Thursday, August 25, 2005

Cogito, Ergo, Rant

I think, therefore I rant - or more to the point, ask for an opinion and ye shall receive.

Such is what the Gomery Inquiry has recently done:

I went to the Gomery Commission's website and found the "survey" page:

http://www.gomery.ca/en/invitationforpublicinput/consultationpaper.asp

Here are my comments:

1. Should government advertising and sponsorship programs be insulated from
political influence?

The practical realities of this are that government is political in the first place. To assert any program is "free of political influence" is inherently false.

However, in terms similar to the "terms of engagement" for a commission of inquiry, it seems to me that a mandate that is clear in its scope and is publicly available in its entirety is a reasonable thing to expect.

2. What protections should be afforded to public servants who believe they have
witnessed impropriety in the management of government programs
("whistleblowers")?

Protecting "whistleblowers" is a dodgy game. One must balance the need for public accountability with the realities of office politics and opportunism.

The bureaucracy needs an internal equivalent of the Ethics Commissioner to perform initial investigations of these allegations to ensure that they are legitimate, and escalate the real whistleblower cases to the appropriate ministers.

3. Ministerial responsibility requires that a minister be accountable to the House
of Commons for the exercise of power. Should there be exceptions to the
concept of full ministerial responsibility for all the actions of a department?

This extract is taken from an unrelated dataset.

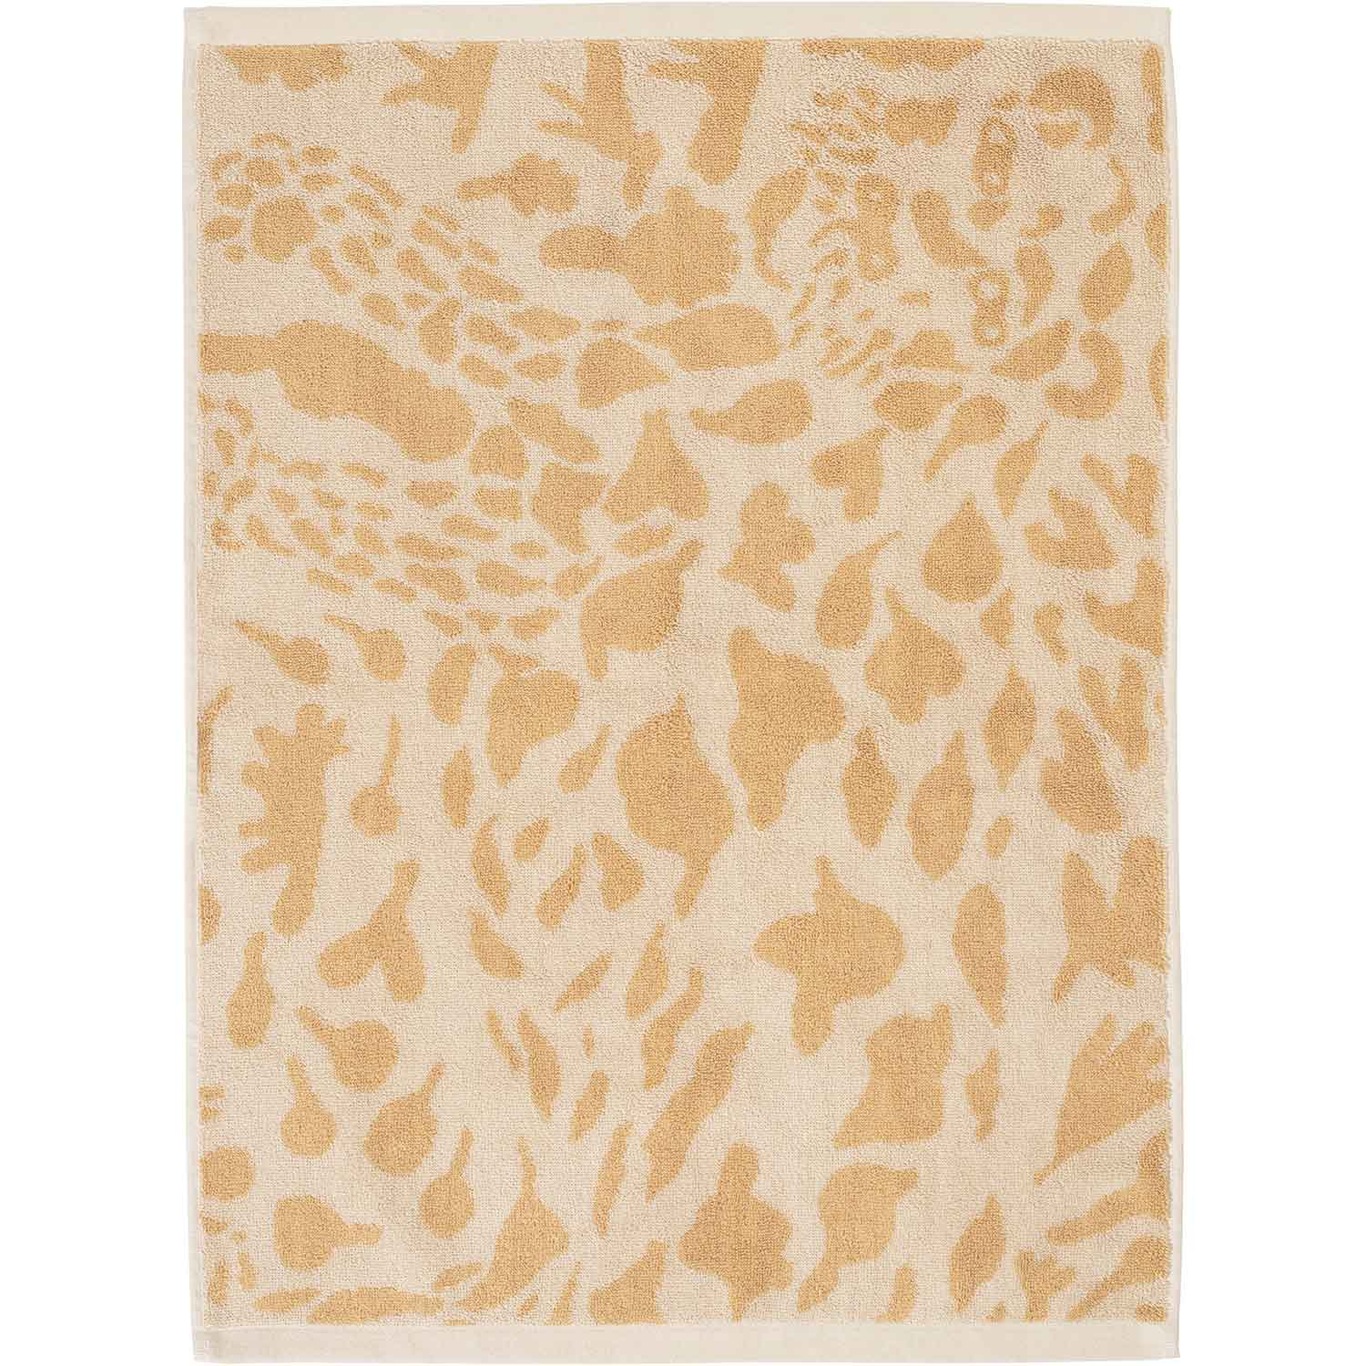 Oiva Toikka Collection Pyyhe, 50x70 cm, Cheetah Brown
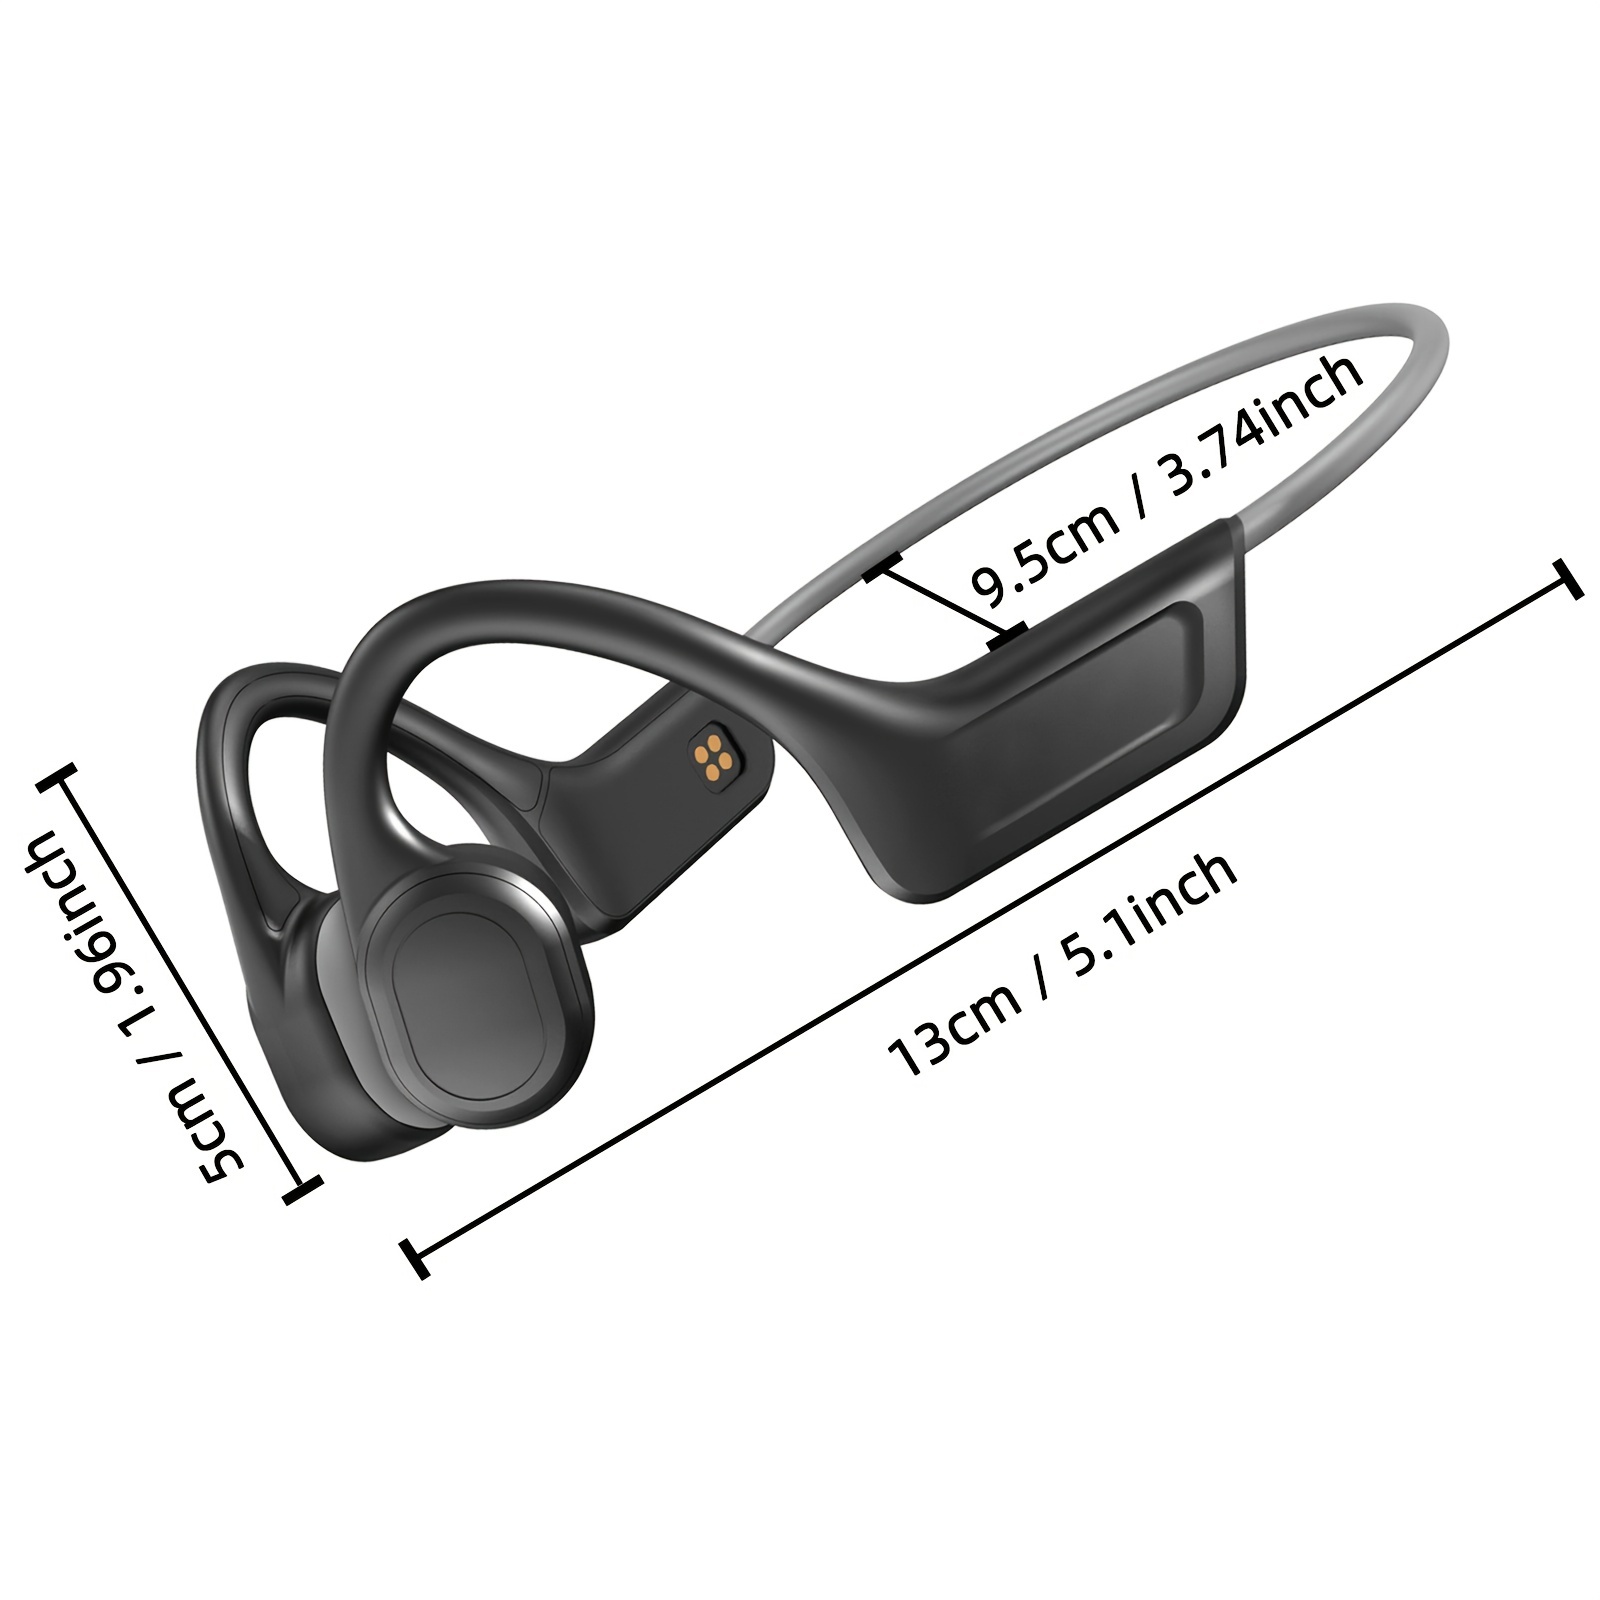 Auriculares De Conduccion Osea Bluetooth Inalambrico - Temu Chile

Ministers are ultimately responsible for their departments to the public. The "I didn't know" excuse is not acceptable. If a minister "did not know", then the senior bureaucrats who should have been apprising the minister of their department's activities should be fired immediately.
The minister should not only be accountable, but should have the authority to take corrective action when necessary.

4. Accountability is the requirement to explain and accept responsibility for
carrying out an assigned mandate in light of agreed upon expectations. What
would you do to promote greater accountability for the management and use of
public funds?

1. Criminal penalties for fraud can, and should be applied as vigorously in the public sector as they are in the private sector.
2. Construct compensation schemes so that those responsible for public monies are paid well enough that "lifting" a few million won't seem as tempting.

(Carrot, and Stick)


5. Should the Values and Ethics Code for the Public Service be linked to specific
responsibility and accountability processes to safeguard against
wrongdoing?

I suspect that appropriate mechanisms already exist in our securities laws that could be adapted to this type of problem.

6. Is there anything else you would suggest to Justice Gomery in pursuing his
mandate?

It seems logical (to me at least) that the rules of engagement in the senior levels of the bureaucracy should be such that nobody is able to occupy a single senior post for more than five years. A regular reorganization of the bureaucracy is likely to be a good component of ensuring that the bureaucracy and its political masters are unable to become "too cozy" on any regular basis. An overly "comfortable" bureaucracy is likely part of the reason for the events that resulted in the Gomery Inquiry in the first place.

I must admit to being impressed with Justice Gomery in how he has conducted himself over the course of this most public of inquiries. To have the temerity to ask for public thoughts in a relatively open manner is both impressive and encouraging. Perhaps, just maybe, Gomery's report will contain some useful and insightful content. Whether the politicians and bureaucrats do anything constructive with it remains to be seen.